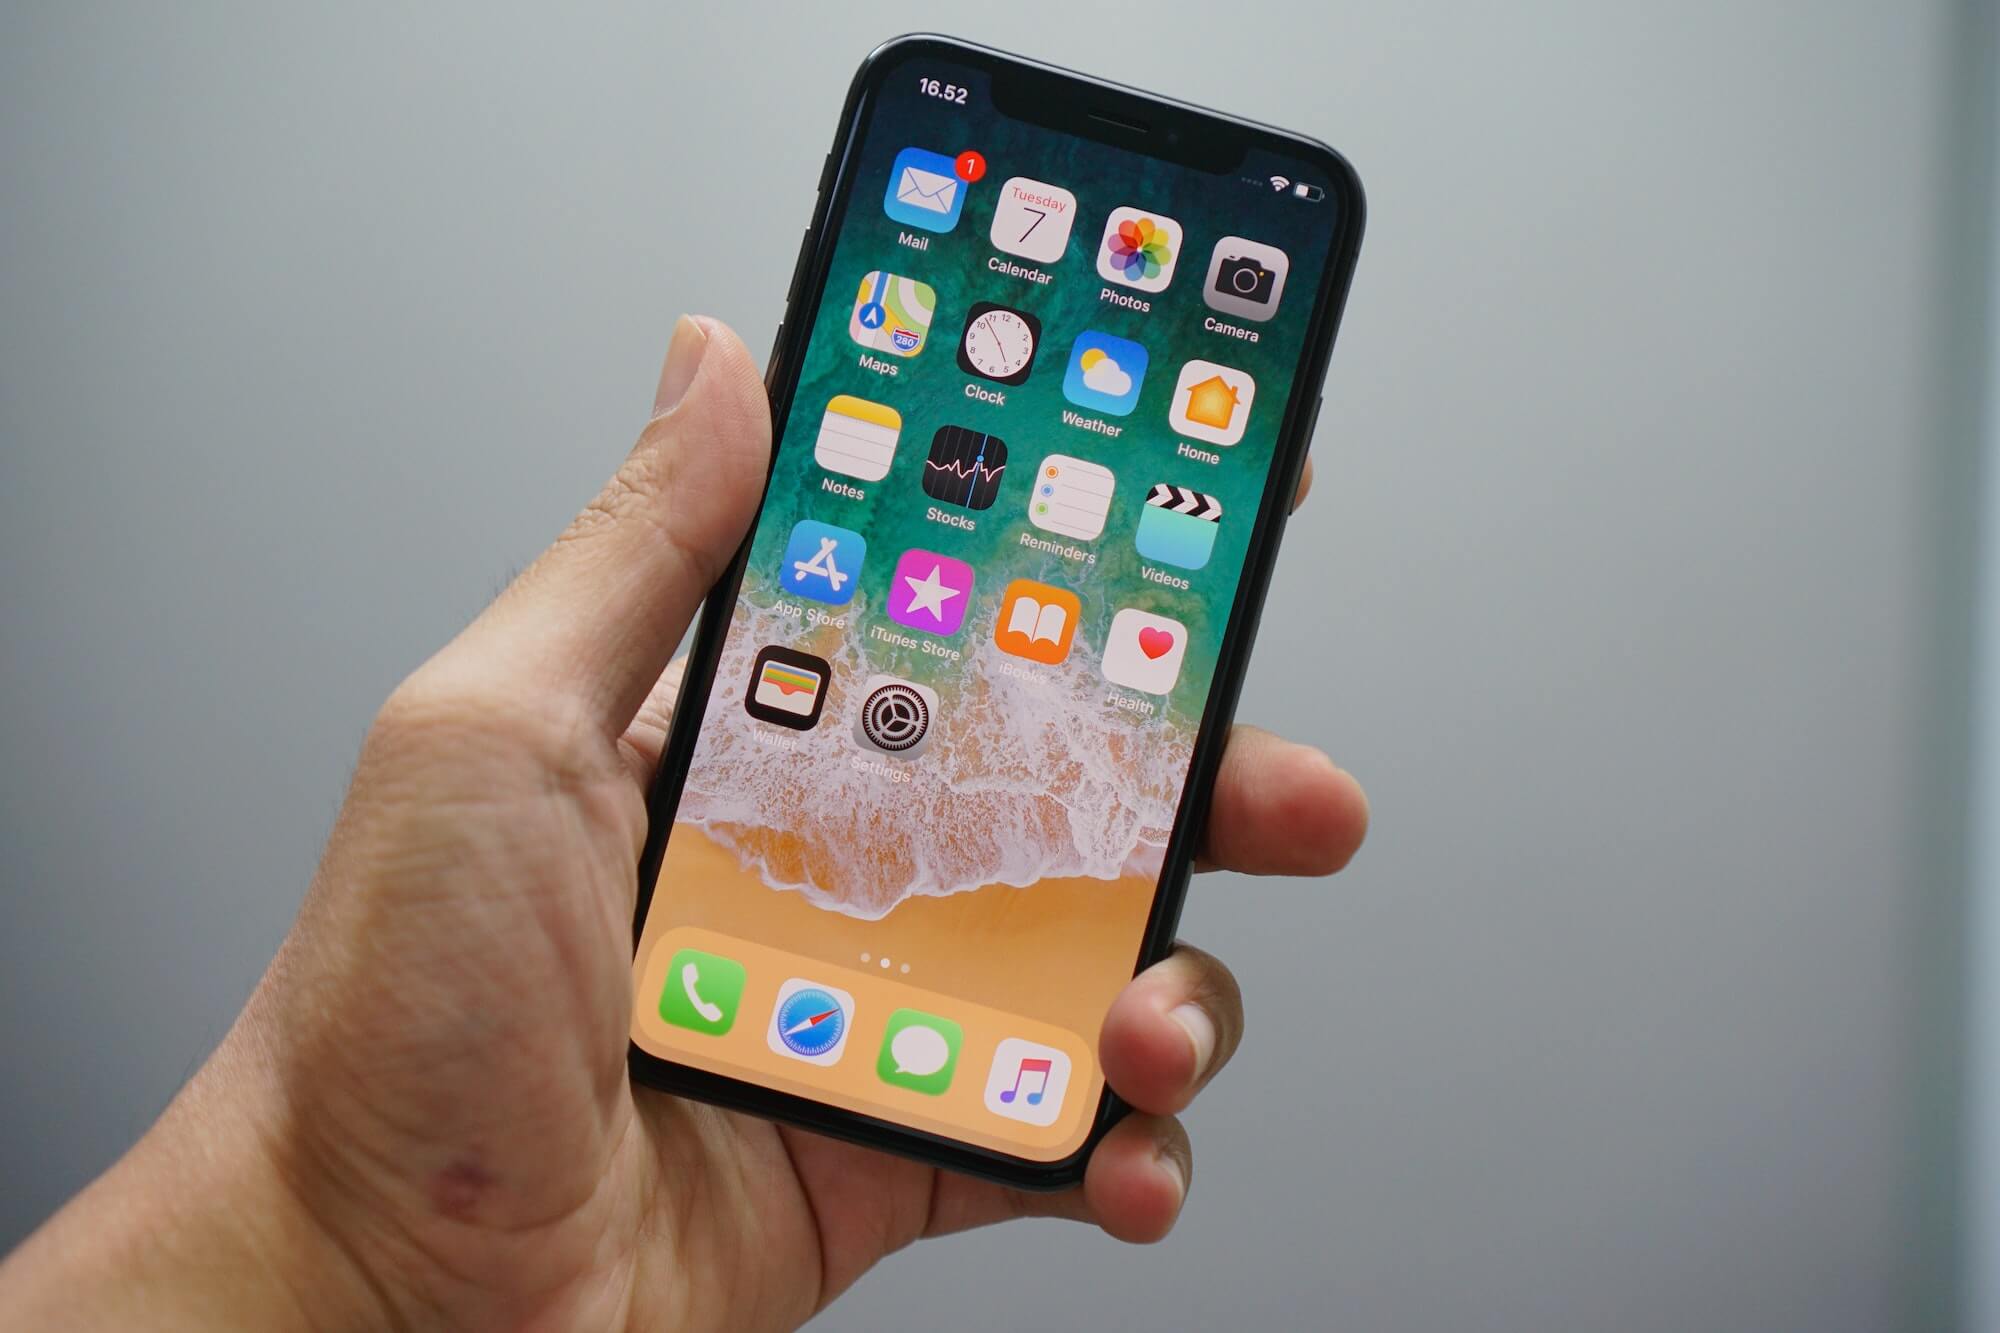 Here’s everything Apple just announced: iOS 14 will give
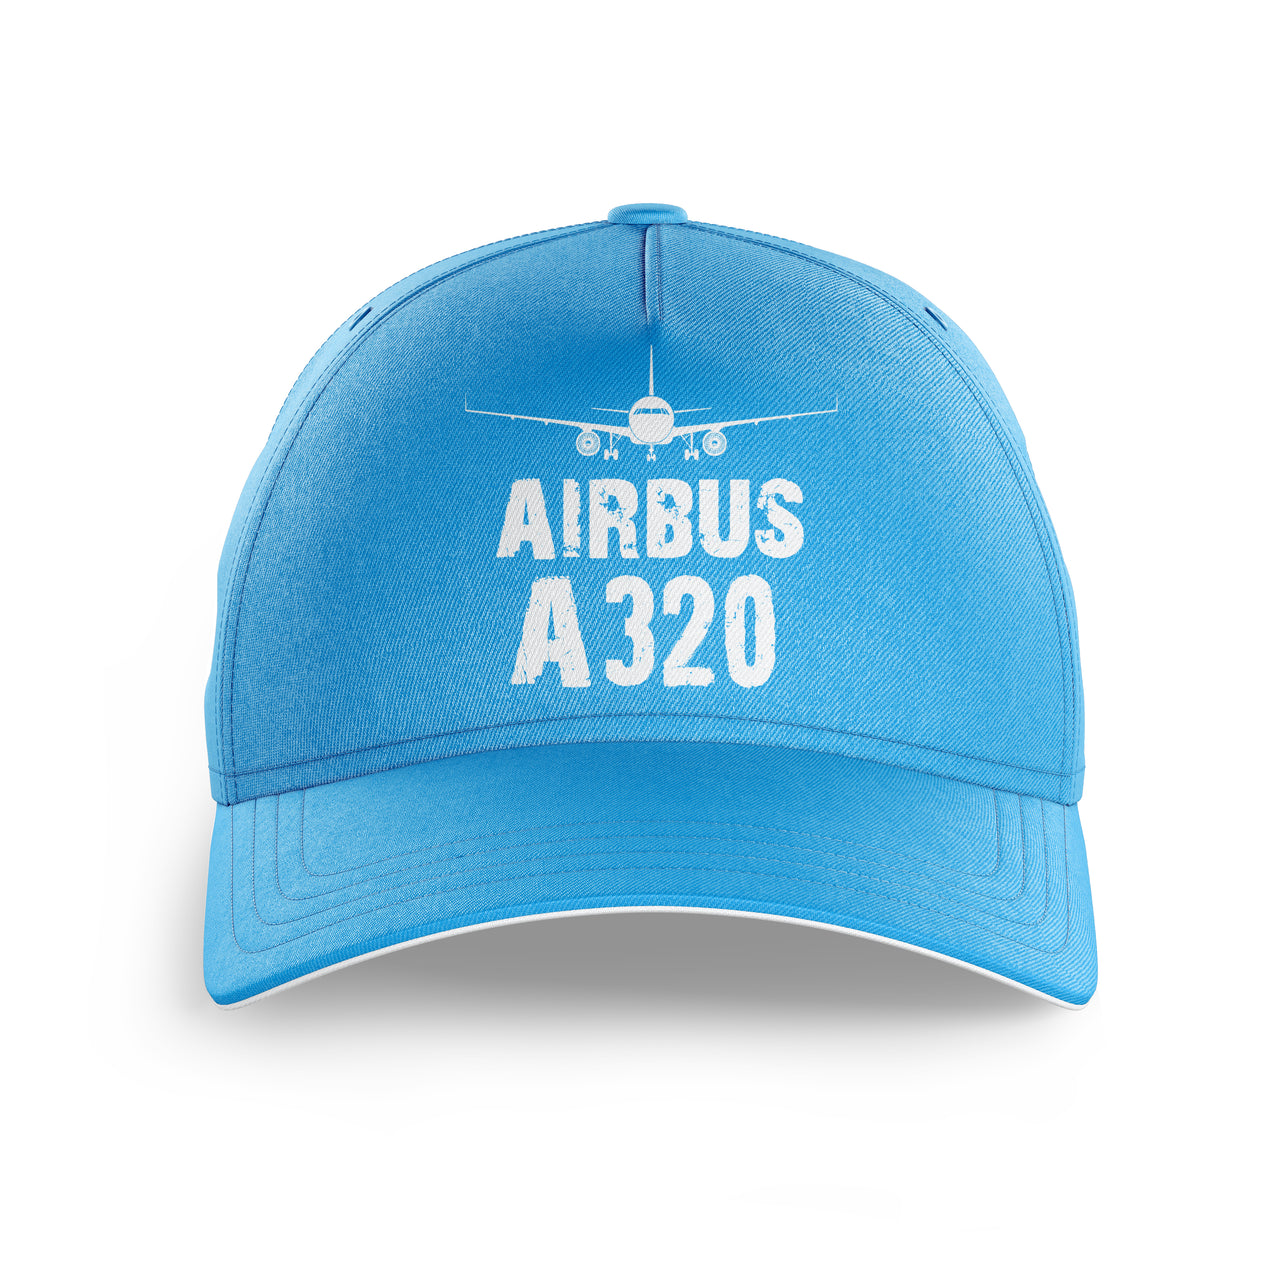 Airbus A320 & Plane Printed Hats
--
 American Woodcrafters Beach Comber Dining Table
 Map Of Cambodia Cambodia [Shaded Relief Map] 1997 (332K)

→ **What to do**: Print the part of the listing above that opens with the line containing "Here’s everything Apple" and closes with the line containing "Airbus A320 & Plane Printed Hats". Copy it exactly, both ends included, and omit the pictures.

→ **Output of the exercise**:
 Here’s everything Apple just announced: iOS 14 will give
 Airbus A320 & Plane Printed Hats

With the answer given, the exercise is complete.